* WHAT THE TASK REQUIRES *
Return the listing below unchanged, except that the pictures are dropped.

RECORDED DATA section start

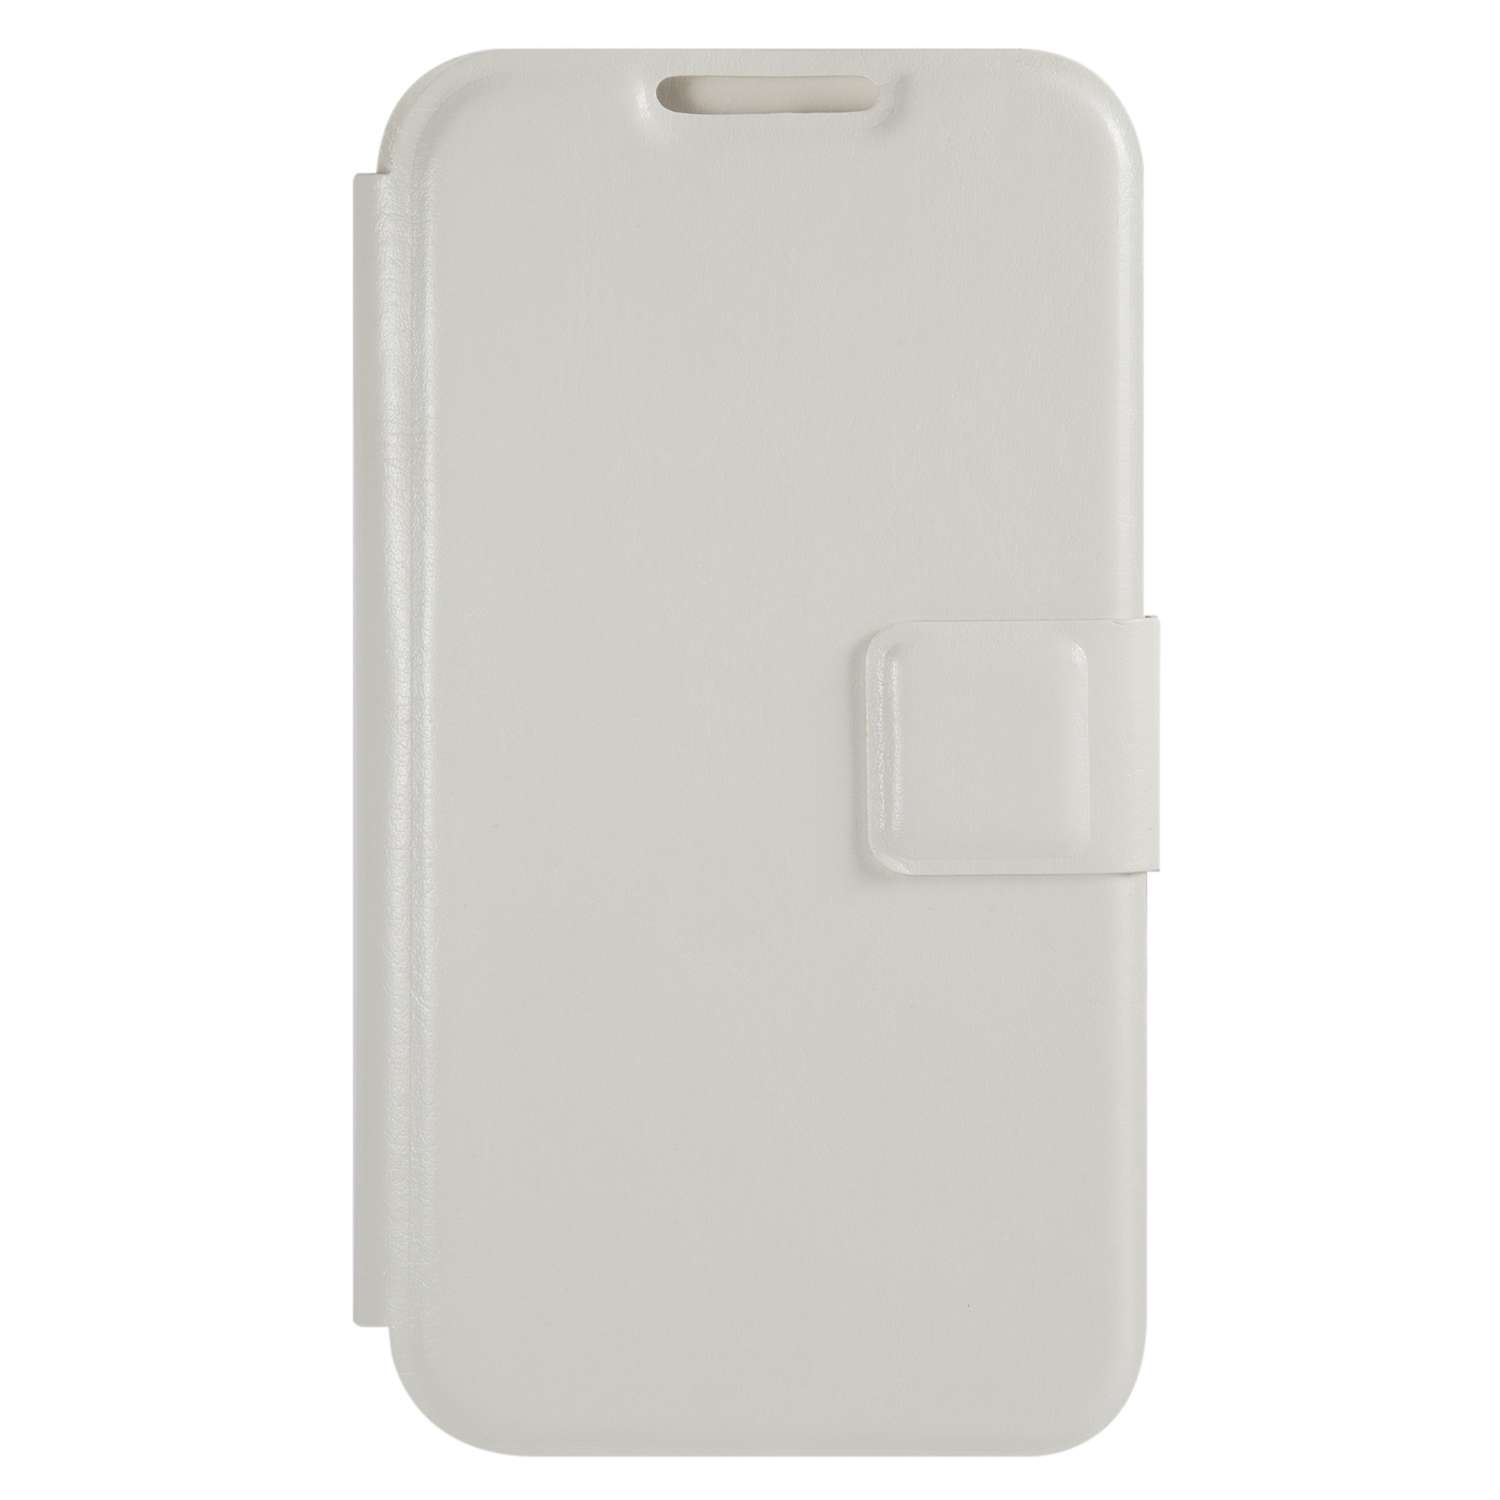 Чехол универсальный iBox Universal для телефонов 4.2-5 дюйма белый - фото 3
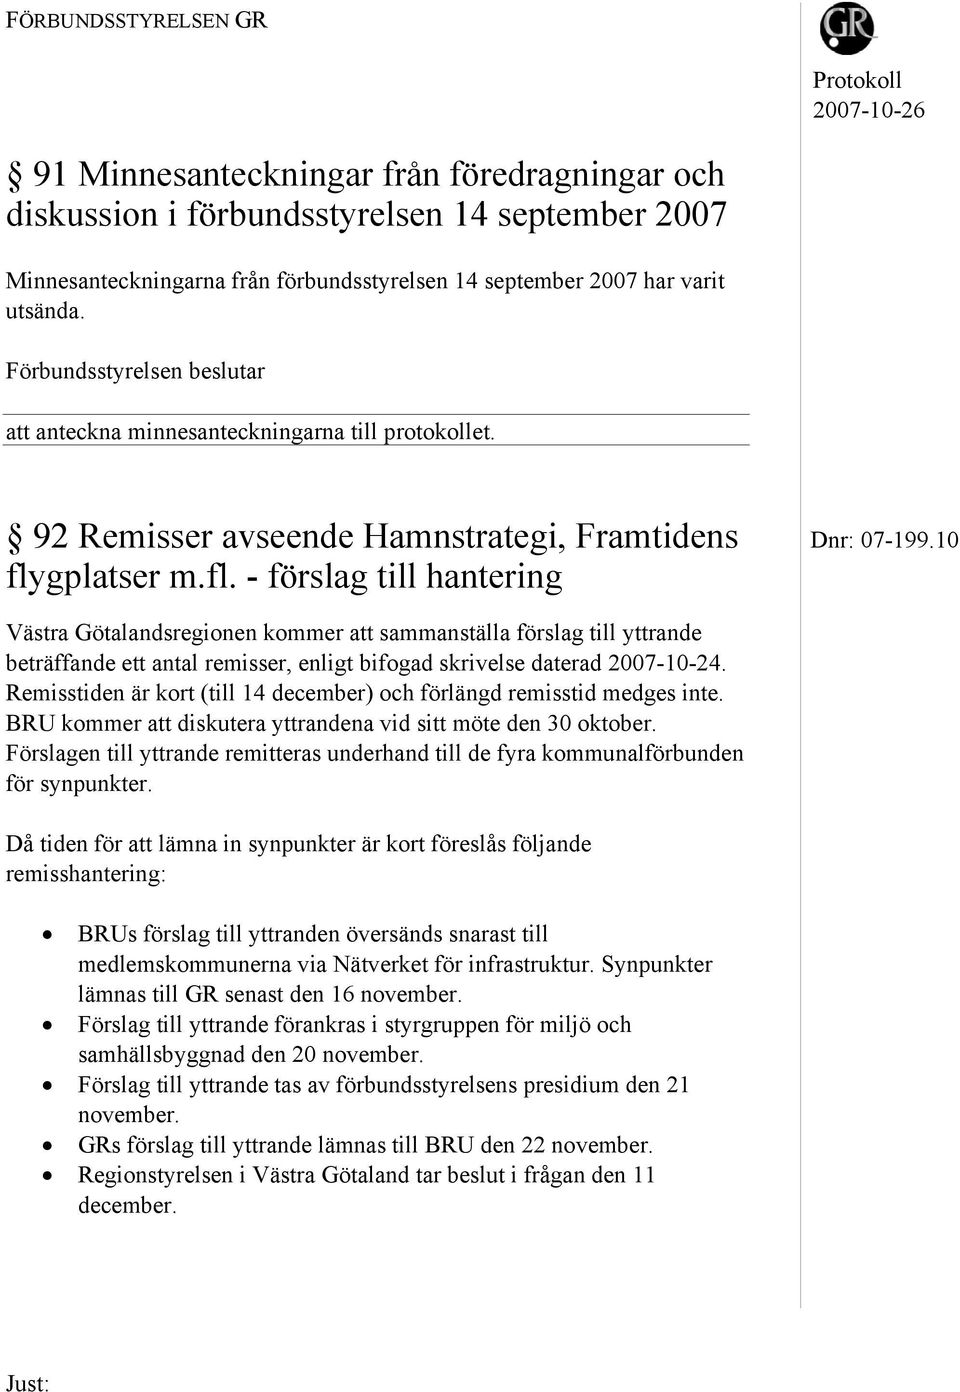 gplatser m.fl. - förslag till hantering Västra Götalandsregionen kommer att sammanställa förslag till yttrande beträffande ett antal remisser, enligt bifogad skrivelse daterad 2007-10-24.
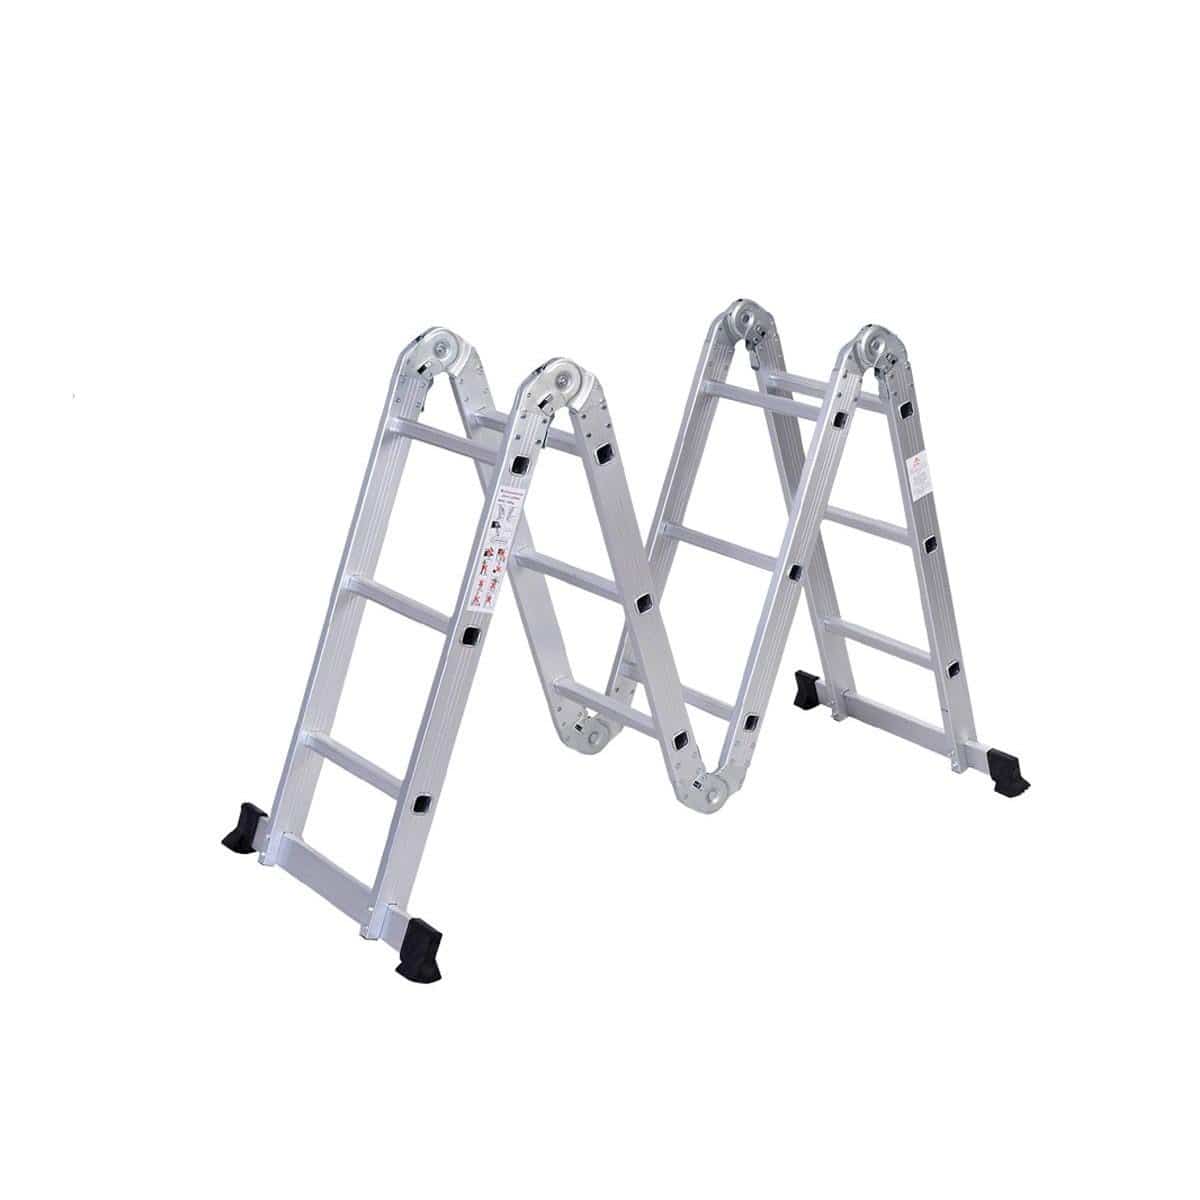 SUMO KING Heavy Duty Multi Purpose Ladder Flat Foot (20 STEPS)

RECORDED DATA section end

* REPLY *
 Чехол универсальный iBox Universal для телефонов 4.2-5 дюйма белый - фото 3
 gplatser m.fl. - förslag till hantering Västra Götalandsregionen kommer att sammanställa förslag till yttrande beträffande ett antal remisser, enligt bifogad skrivelse daterad 2007-10-24.
 SUMO KING Heavy Duty Multi Purpose Ladder Flat Foot (20 STEPS)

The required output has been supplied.